Your task is to print each record exactly as it reads.

Data supplied: Begin

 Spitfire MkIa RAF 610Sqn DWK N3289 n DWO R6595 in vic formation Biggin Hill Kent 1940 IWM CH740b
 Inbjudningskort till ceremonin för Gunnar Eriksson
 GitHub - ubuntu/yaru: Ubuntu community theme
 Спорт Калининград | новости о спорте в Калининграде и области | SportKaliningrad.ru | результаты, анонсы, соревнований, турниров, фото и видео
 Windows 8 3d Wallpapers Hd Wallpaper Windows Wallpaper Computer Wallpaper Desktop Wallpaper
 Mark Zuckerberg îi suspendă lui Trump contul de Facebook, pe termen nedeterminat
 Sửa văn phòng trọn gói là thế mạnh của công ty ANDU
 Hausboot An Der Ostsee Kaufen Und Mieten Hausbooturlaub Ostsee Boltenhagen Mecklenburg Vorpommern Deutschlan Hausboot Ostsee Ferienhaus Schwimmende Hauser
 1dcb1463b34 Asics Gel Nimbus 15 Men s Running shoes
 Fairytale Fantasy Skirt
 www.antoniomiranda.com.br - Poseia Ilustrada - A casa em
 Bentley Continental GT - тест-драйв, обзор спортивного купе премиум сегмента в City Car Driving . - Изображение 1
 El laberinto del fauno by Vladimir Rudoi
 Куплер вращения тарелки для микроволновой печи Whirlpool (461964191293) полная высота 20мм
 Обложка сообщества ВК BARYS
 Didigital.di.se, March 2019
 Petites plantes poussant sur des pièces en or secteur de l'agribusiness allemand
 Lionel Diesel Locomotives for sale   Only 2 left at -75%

Data supplied: End

Answer:
 Spitfire MkIa RAF 610Sqn DWK N3289 n DWO R6595 in vic formation Biggin Hill Kent 1940 IWM CH740b
 Inbjudningskort till ceremonin för Gunnar Eriksson
 GitHub - ubuntu/yaru: Ubuntu community theme
 Спорт Калининград | новости о спорте в Калининграде и области | SportKaliningrad.ru | результаты, анонсы, соревнований, турниров, фото и видео
 Windows 8 3d Wallpapers Hd Wallpaper Windows Wallpaper Computer Wallpaper Desktop Wallpaper
 Mark Zuckerberg îi suspendă lui Trump contul de Facebook, pe termen nedeterminat
 Sửa văn phòng trọn gói là thế mạnh của công ty ANDU
 Hausboot An Der Ostsee Kaufen Und Mieten Hausbooturlaub Ostsee Boltenhagen Mecklenburg Vorpommern Deutschlan Hausboot Ostsee Ferienhaus Schwimmende Hauser
 1dcb1463b34 Asics Gel Nimbus 15 Men s Running shoes
 Fairytale Fantasy Skirt
 www.antoniomiranda.com.br - Poseia Ilustrada - A casa em
 Bentley Continental GT - тест-драйв, обзор спортивного купе премиум сегмента в City Car Driving . - Изображение 1
 El laberinto del fauno by Vladimir Rudoi
 Куплер вращения тарелки для микроволновой печи Whirlpool (461964191293) полная высота 20мм
 Обложка сообщества ВК BARYS
 Didigital.di.se, March 2019
 Petites plantes poussant sur des pièces en or secteur de l'agribusiness allemand
 Lionel Diesel Locomotives for sale   Only 2 left at -75%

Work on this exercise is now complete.